How to show the following for Planar Graphs-Proof Verification

Question

Please tell me where I am wrong:

Consider this graph $G$:

Show that this graph is not planar.

My answer:

Let us consider the vertices $\{0,1,2,3,4\}$. Then the sub-graph induced by these vertices is a complete graph on $5$ vertices and hence is isomorphic to $K_5$.

We know that by Kuratowski's Theorem ,

A graph $G$ is planar if and only $G$ contains no subgraph homeomorphic to $K_5$ or $K_{3,3}$.

Since $G$ contains $K_5$ as a sub-graph , so by Kuratowski's Theorem $G$ is not planar.

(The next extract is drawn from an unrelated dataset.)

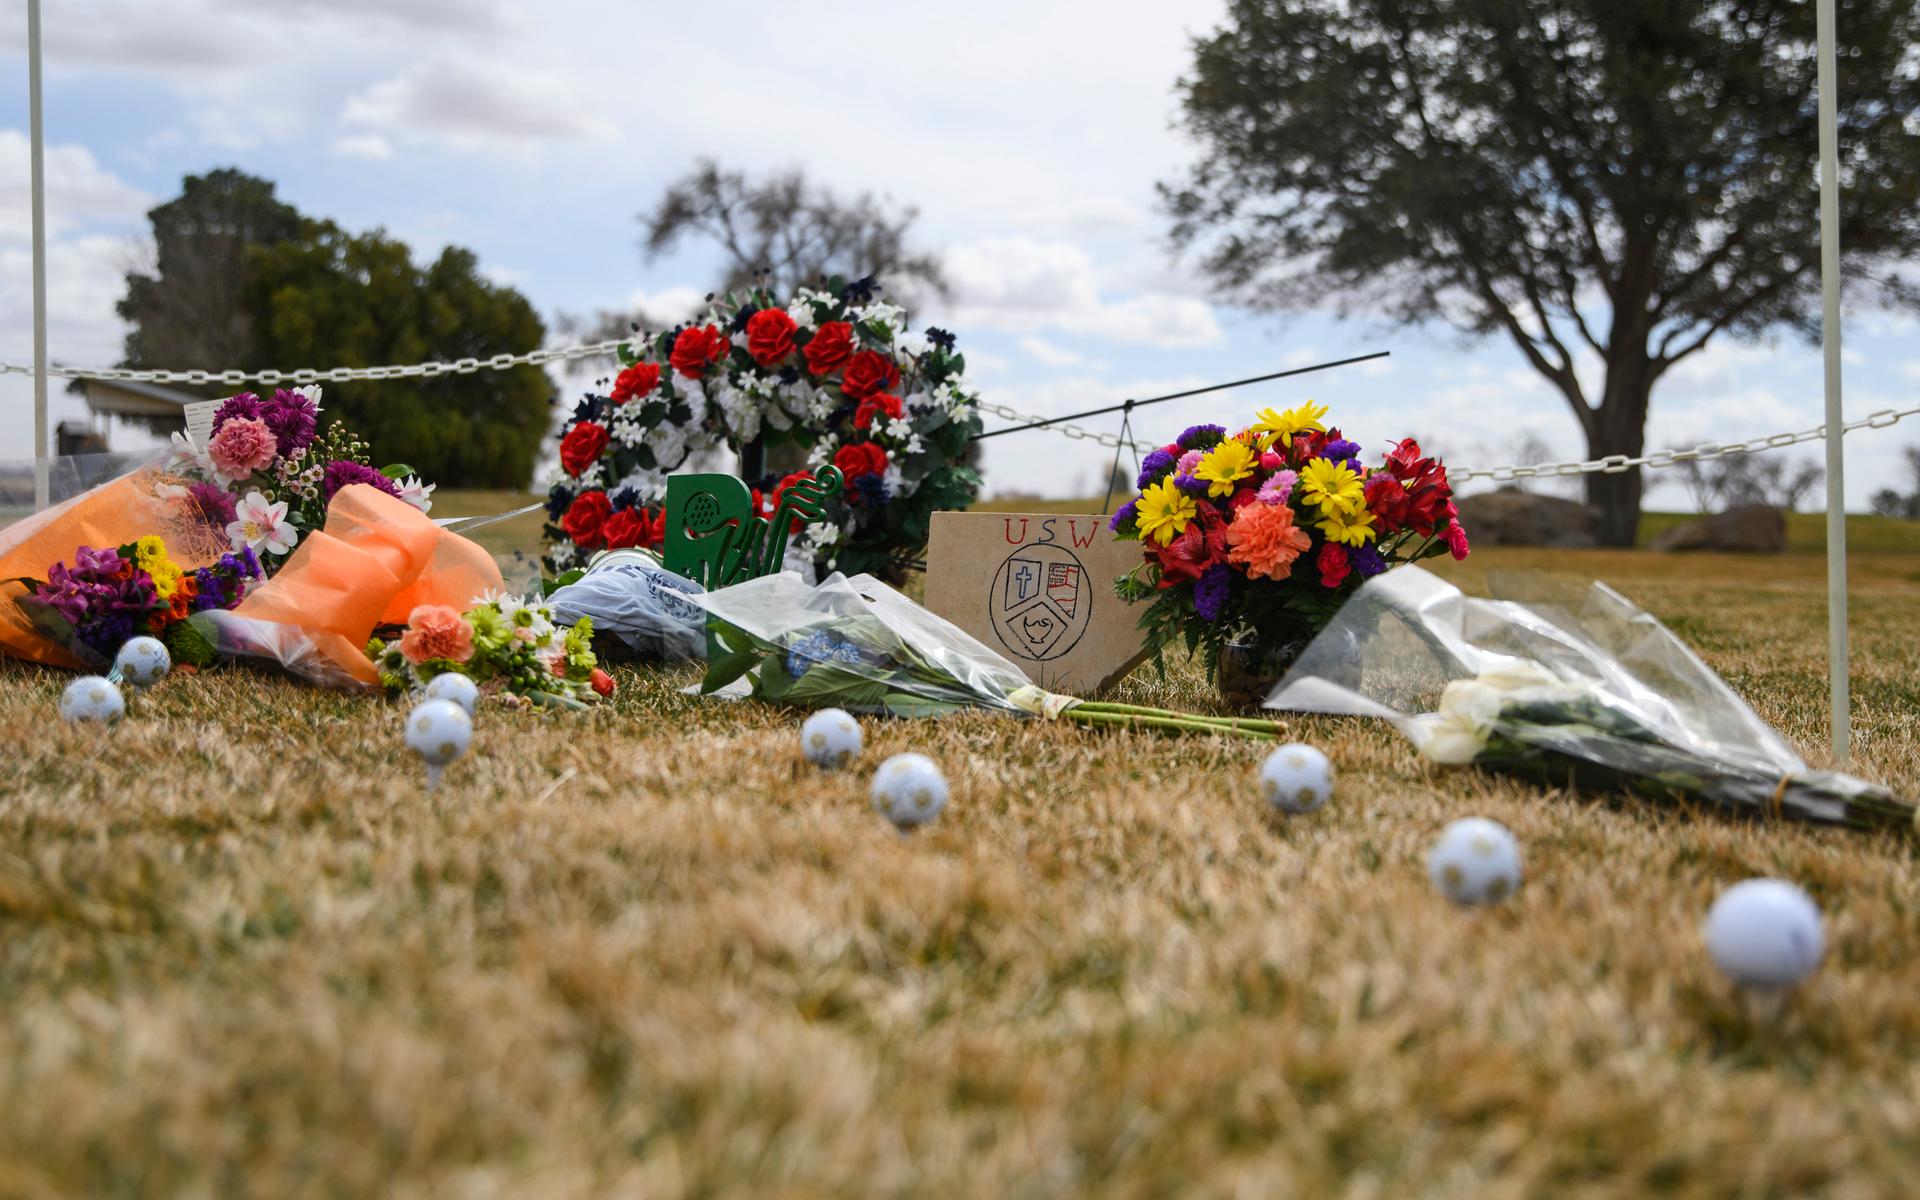 Totalt omkom nio personer i olyckan. Nära platsen har personer lämnat blommor till minne av offren.

NOTE:I wrote this answer in my exam and got $0$.

My professor wrote in comments "Kuratowski Theorem not applied properly , no use of homeomorphic property"

Can someone kindly say where did I go wrong in my answer? I cant figure out it myself.

If someone could kindly explain what I did wrong in my problem in the exam, I will be extremely grateful to him/her

Answer 1

Perhaps the professor wanted you to explicitly show an isomorphism between $K_5$ and the induced subgraph you picked out in $K_6$?

Here's a way to prove it without using the theorem.

A planar graph with $n$ vertices can have at most $3n - 6$ edges. Since $K_6$ has 6 vertices it would have at most 12 edges if it were planar. However, $K_6$ has 15 edges so it cannot be planar.

Answer 2

Your professors comment seems to imply that using Kuratowski's theorem is valid. You wrote that $G$ contains a subgraph that is isomorphic to $K_5$. Kuratowski's theorem says homeomorphic. Now if two graphs are isomorphic they are automatically homeomorphic. I would have given you full credit for your solution but maybe your professor wanted you to explicitly write down the last sentence showing that you knew the meaning of the different concepts.